(TASK PROMPT): Could you please repeat the entries below word for word, with the images left out?

(Entries taken from a collection)
↓↓↓

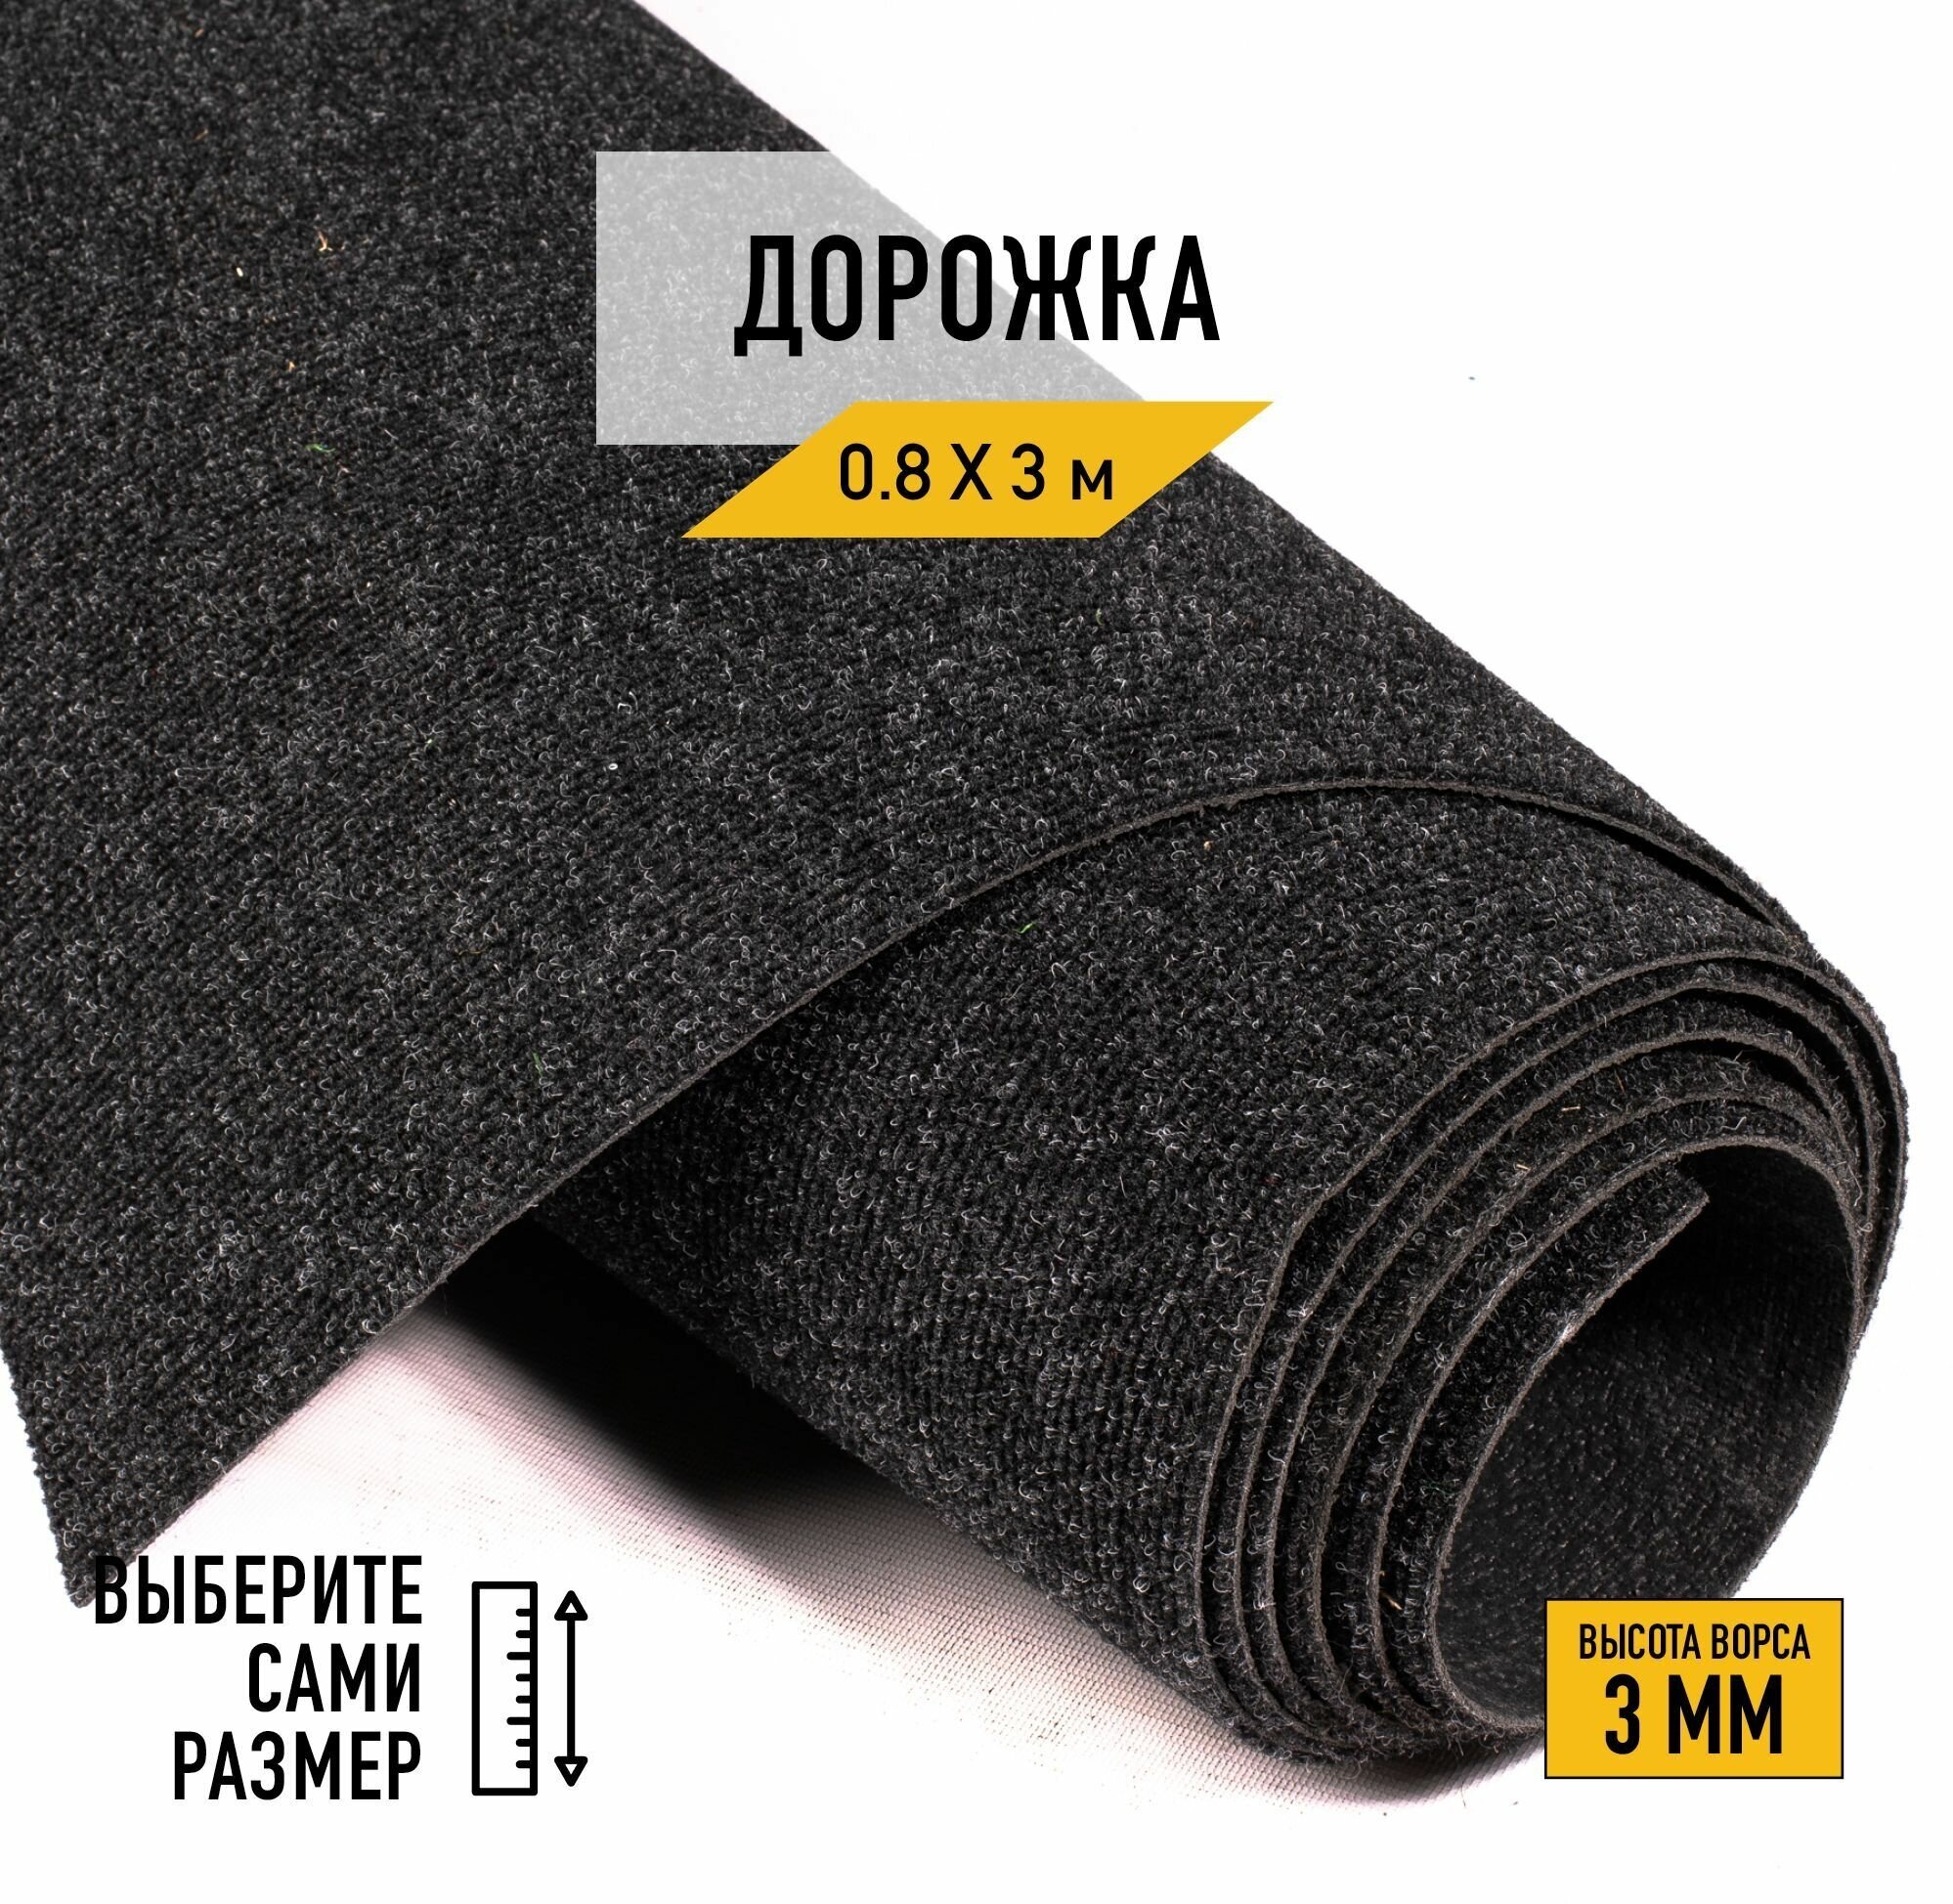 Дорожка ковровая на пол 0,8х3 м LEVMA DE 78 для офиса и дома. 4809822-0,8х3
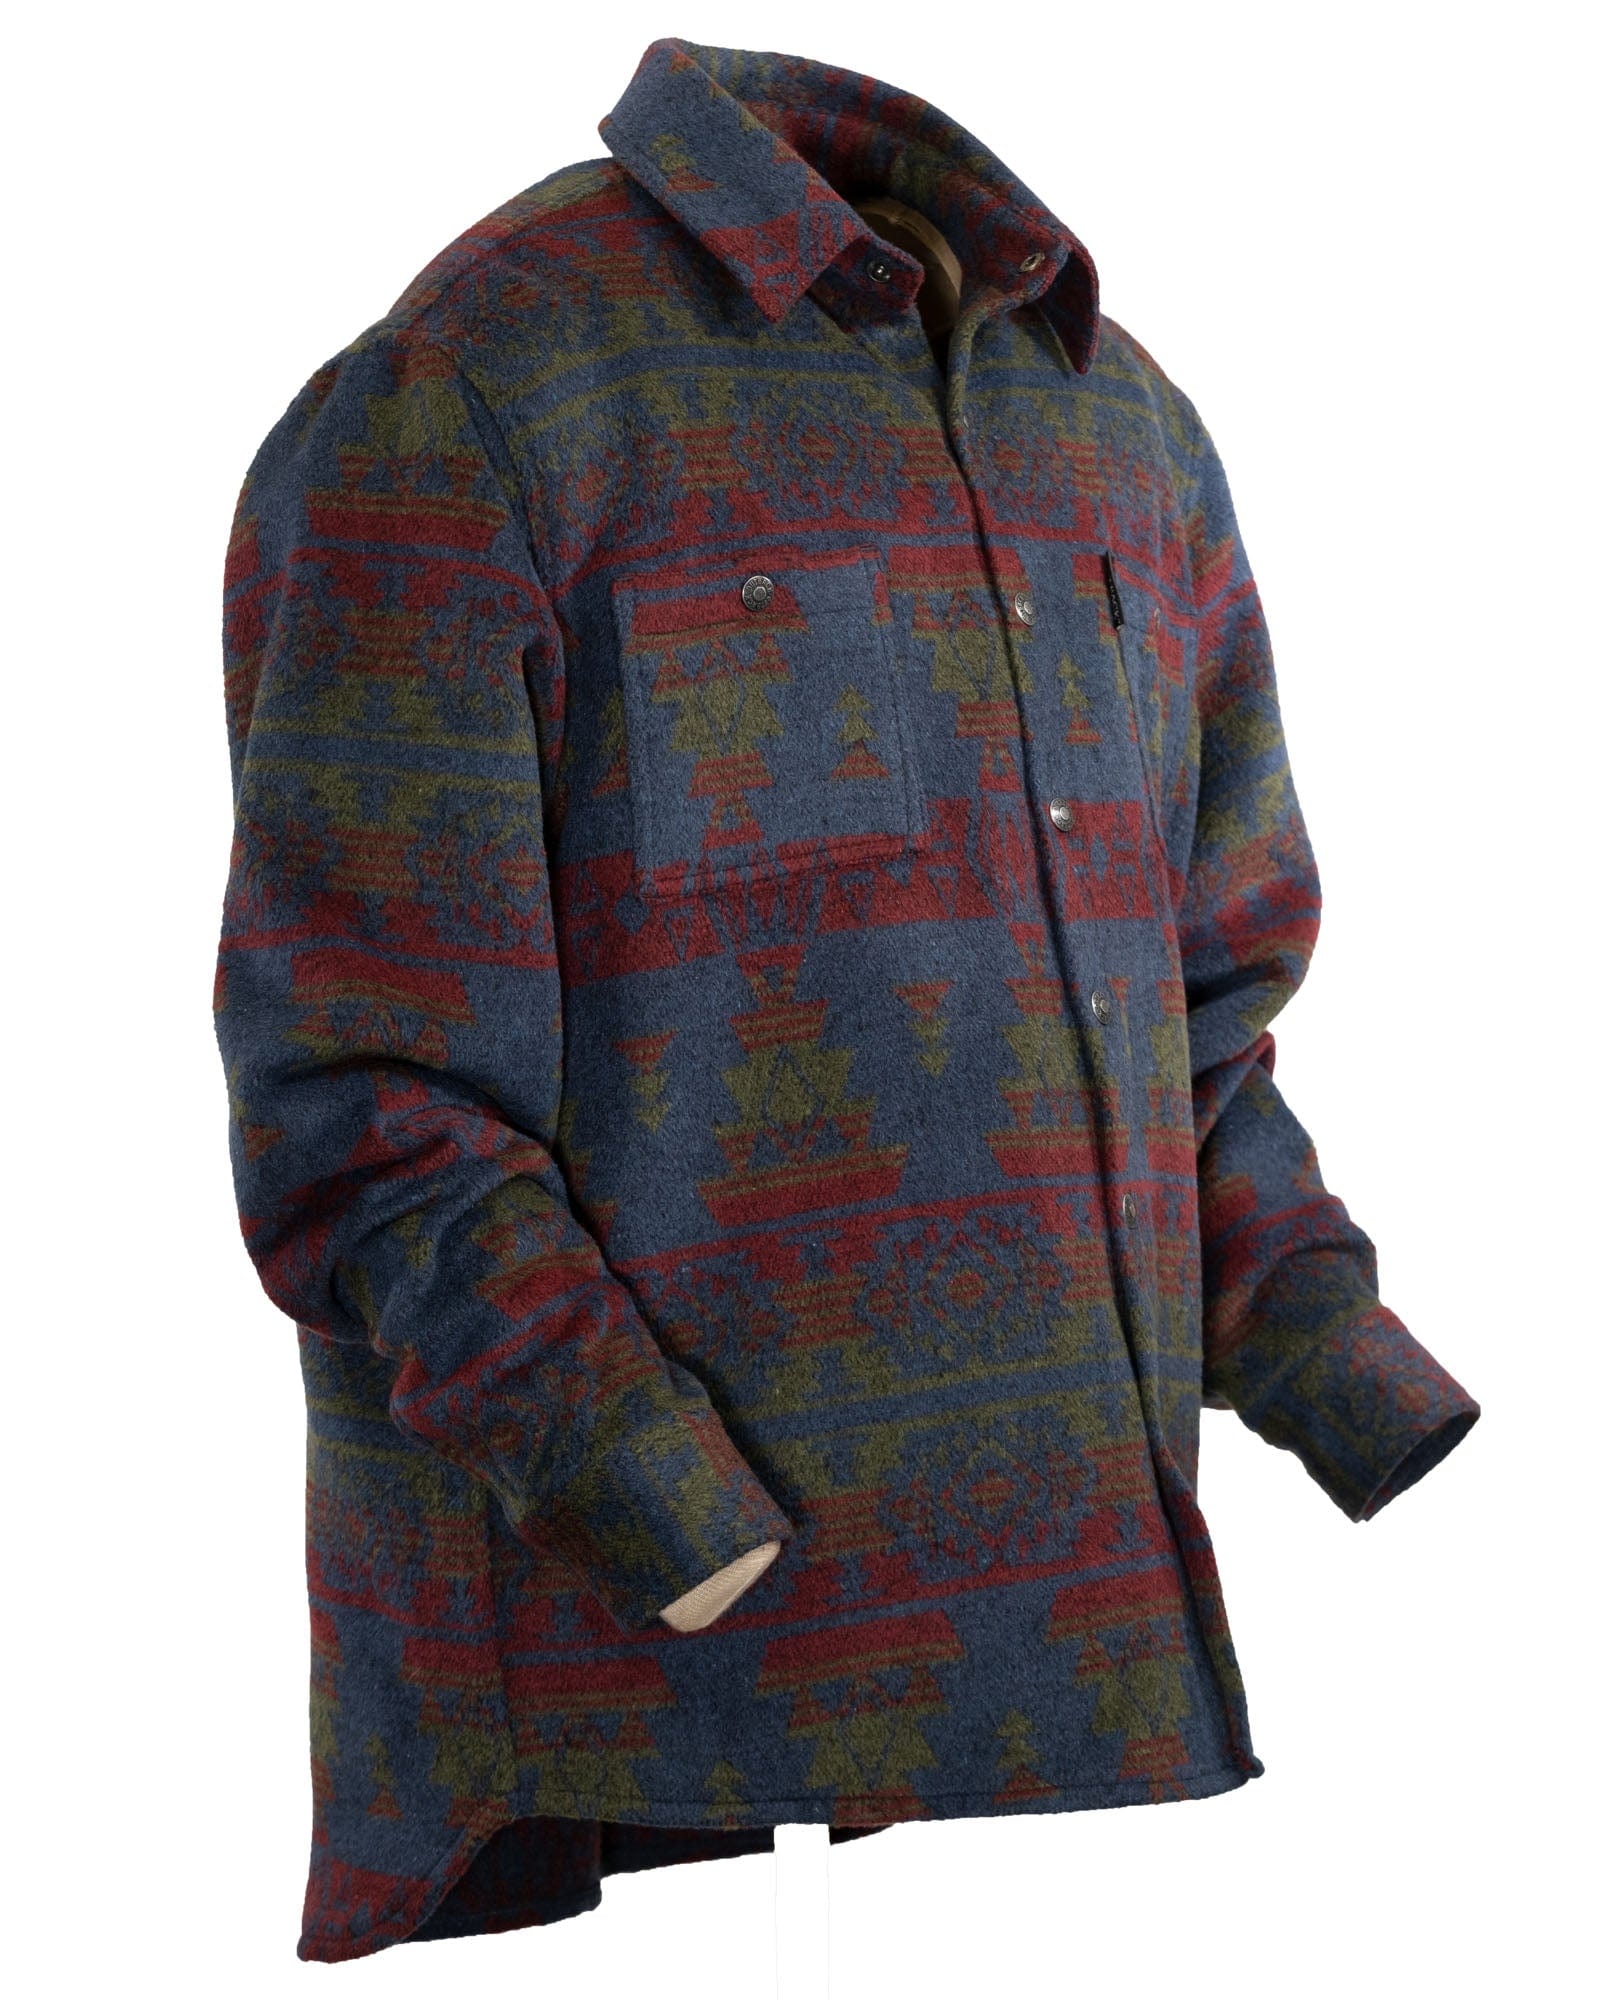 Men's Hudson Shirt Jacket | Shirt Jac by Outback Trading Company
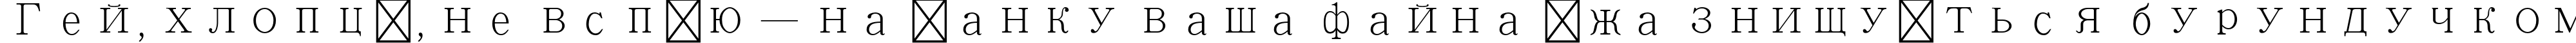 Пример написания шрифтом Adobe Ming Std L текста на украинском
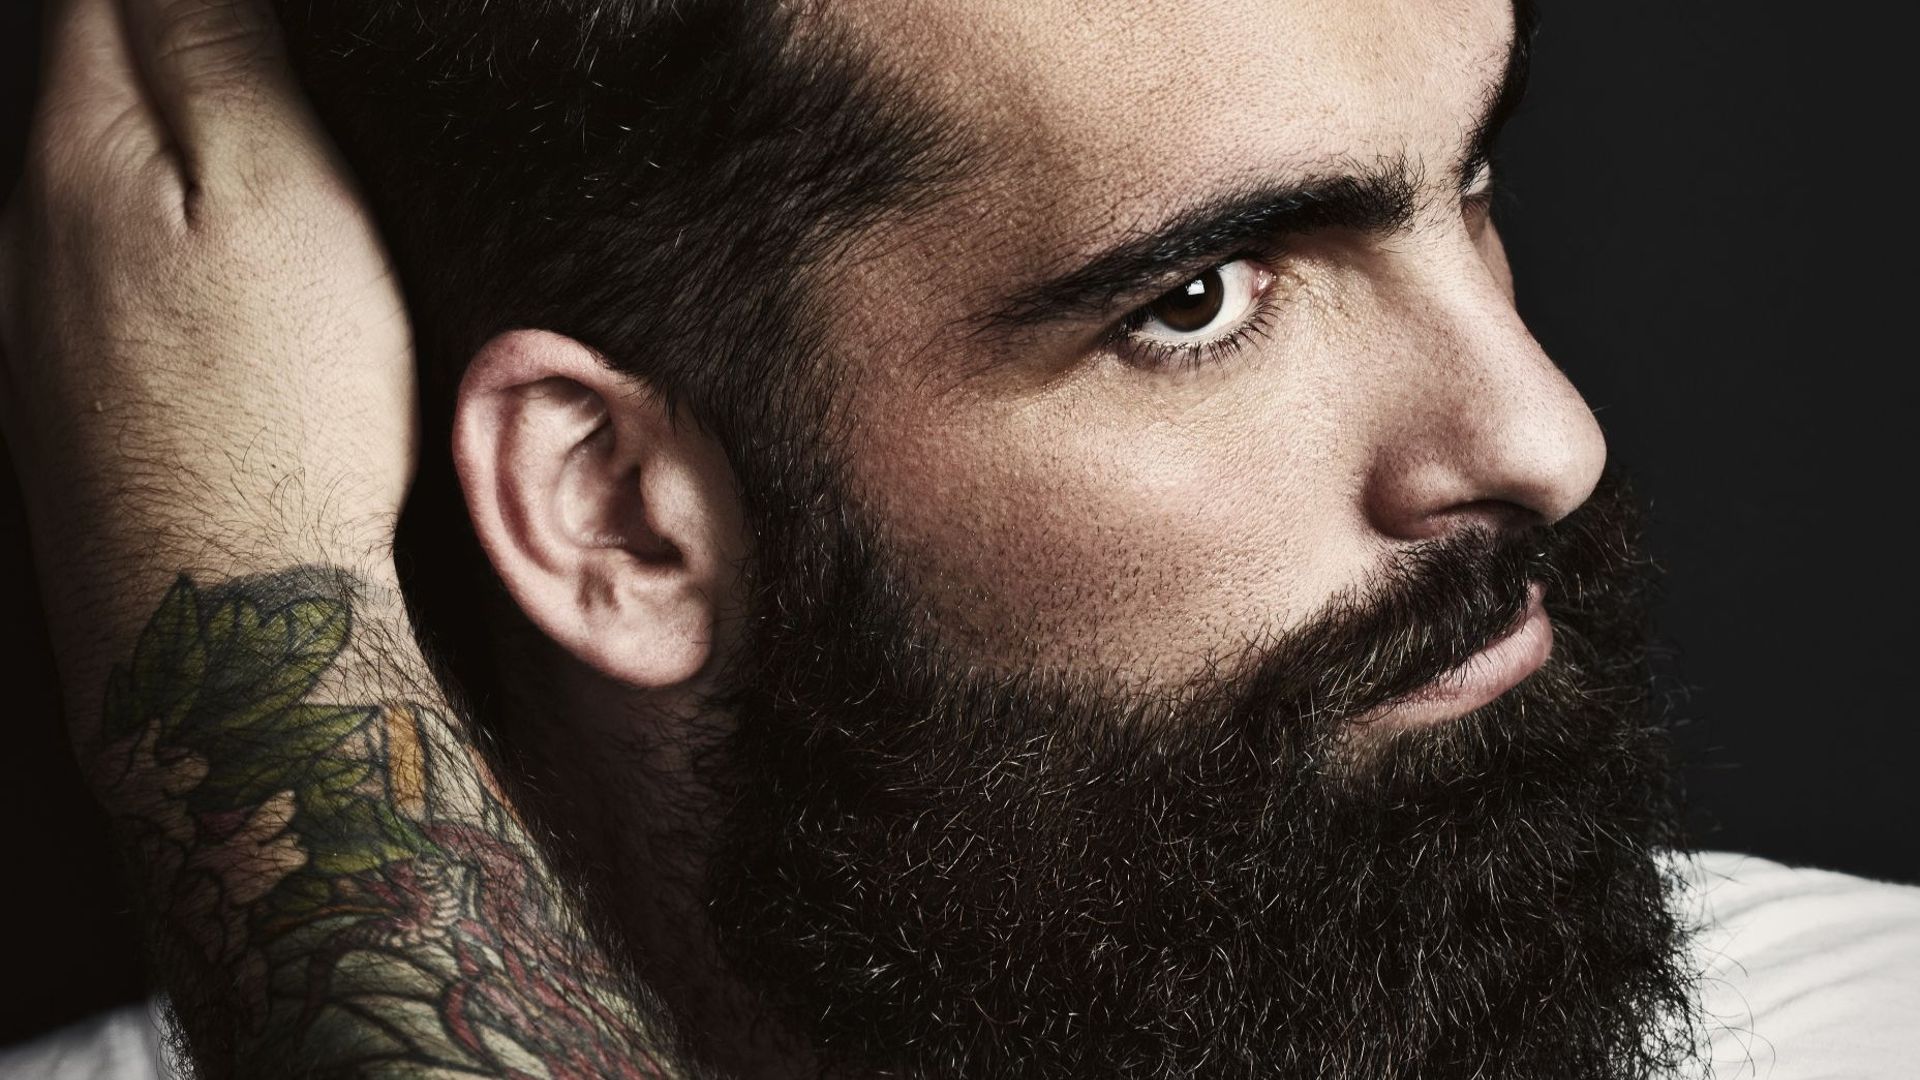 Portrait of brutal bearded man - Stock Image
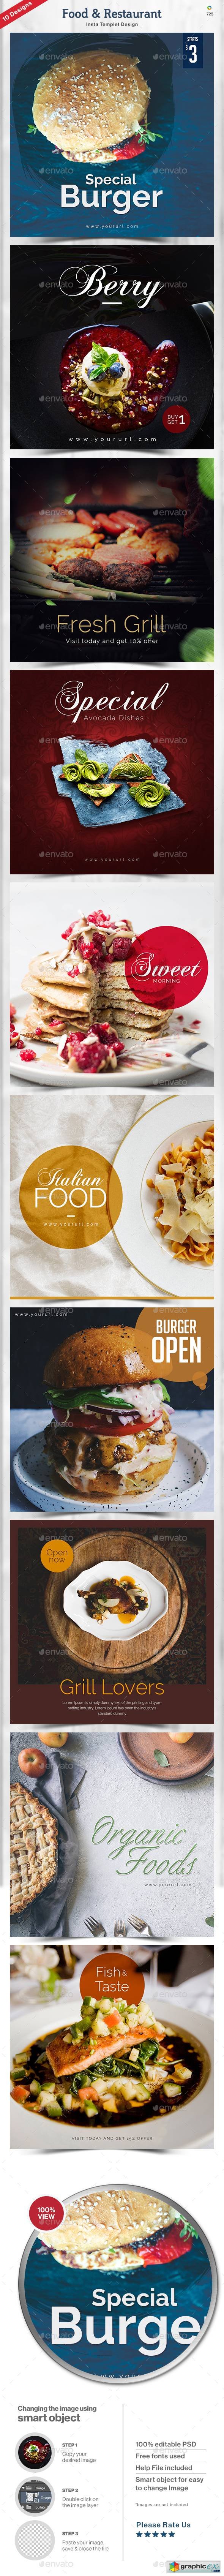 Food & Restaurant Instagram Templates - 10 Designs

↑↑↑

(OUTPUT FOR THIS TASK):
 Дорожка ковровая на пол 0,8х3 м LEVMA DE 78 для офиса и дома. 4809822-0,8х3
 Men's Hudson Shirt Jacket | Shirt Jac by Outback Trading Company
 Пример написания шрифтом Adobe Ming Std L текста на украинском
 Portrait of brutal bearded man - Stock Image
 Food & Restaurant Instagram Templates - 10 Designs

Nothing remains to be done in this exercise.